Se estremeció interiormente al pensar en la forma en que la utilizaban los de Andrómeda. Comprendió que esto demostraba que él seguía siendo un hombre de la Tierra, sujeto a todos los prejuicios, las manías y los tabúes del espíritu humano. Pues lo que habían hecho los de Andrómeda era sólo de sentido común. Si no se puede colonizar un planeta con la forma que se tiene, pues a cambiar de forma se ha dicho. Uno se convierte en un ser que puede vivir en el planeta y así se procede a su colonización. Si es necesario convertirse en gusanos pues uno se convierte en gusano… o insecto, o en molusco, o en lo que sea.

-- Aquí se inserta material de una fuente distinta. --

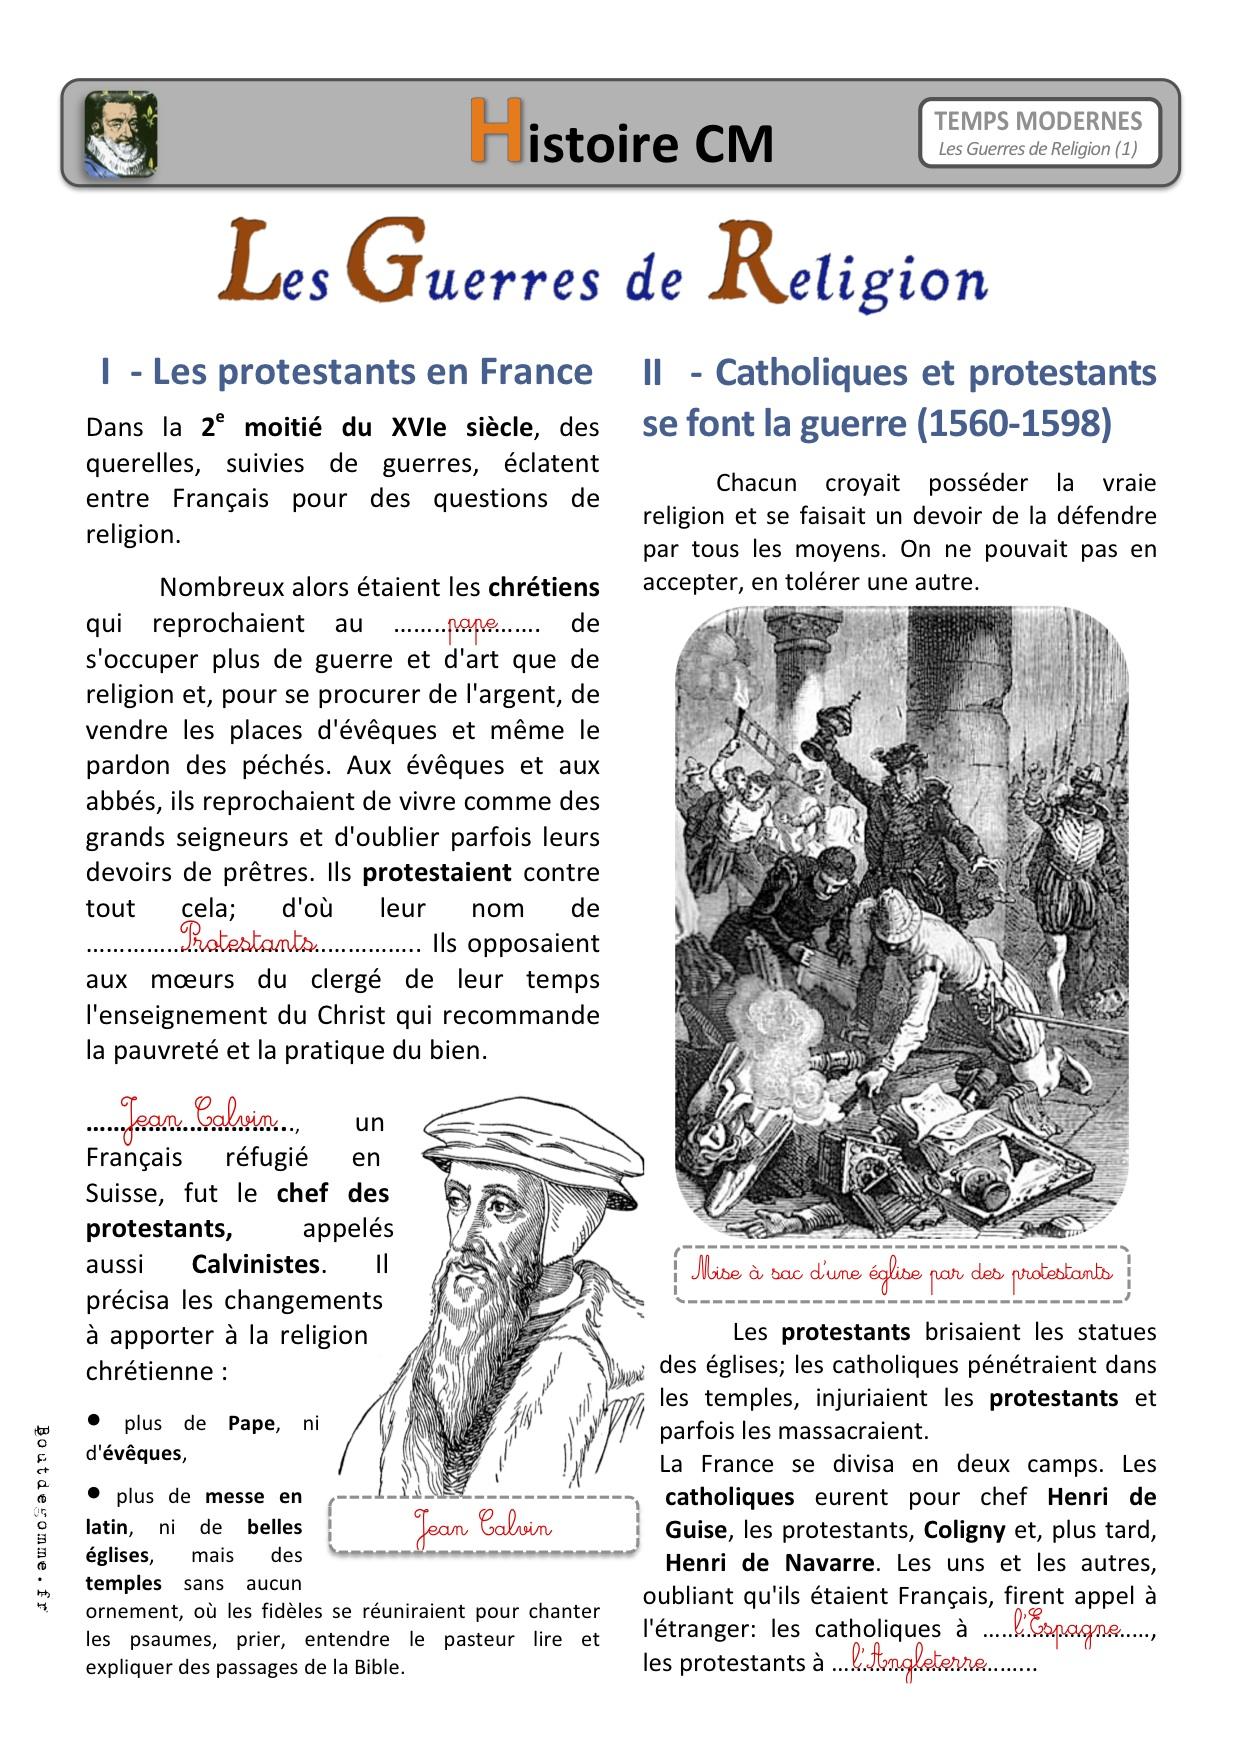 première guerre de religion

Y no sólo se cambia de cuerpo, sino de mente, adquiriendo la mente necesaria para vivir en el planeta en cuestión.

—Las drogas y los medicamentos, por ejemplo —dijo Mary—. Los conocimientos médicos con que la Tierra podría enriquecerse. ¿Te acuerdas de ese paquetito de drogas que te envió la Central Galáctica?

—Unas drogas —dijo Enoch— que pueden curar casi todas las enfermedades de la Tierra. Tal vez esto sea lo que más me duele. Saber que las tengo aquí, en esa alacena, en este mismo planeta, donde hay tanta gente que las necesita.

—Podrías enviar muestras por correo —apuntó David—, a las asociaciones médicas o a las fábricas de productos químicos.

Enoch denegó con la cabeza.

—Ya pensé en eso, desde luego. Pero tengo que pensar también en la Galaxia. Estoy ligado por ciertas obligaciones a la Central Galáctica. Han adoptado grandes precauciones para no delatar la presencia de la estación. Luego están Ulises y todos mis amigos galácticos. No puedo estropear sus planes. Me siento incapaz de representar el papel de traidor. Porque, pensándolo bien, la Central Galáctica y la labor que realiza es más importante que la Tierra.

—Una lealtad dividida —comentó David, con un ligero deje burlón.

—Sí, eso es, exactamente. Hubo un momento, hace muchos años, en que pensé en escribir artículos para enviarlos a alguna revista científica. Una revista de medicina, naturalmente, porque no sé nada de medicina. Las drogas están ahí, desde luego, en el estante, con instrucciones para su uso, pero no son más que píldoras, polvos o ungüentos, o lo que sea. Pero yo sabía de otras cosas, me hallaba enterado de otras cosas que me habían enseñado. No las conocía mucho, naturalmente, pero al menos eran atisbos en otras direcciones. Eran suficientes para que alguien se fijase en ellos y les sirviesen de punto de partida. Alguien más preparado que yo, y que supiese sacarles partido.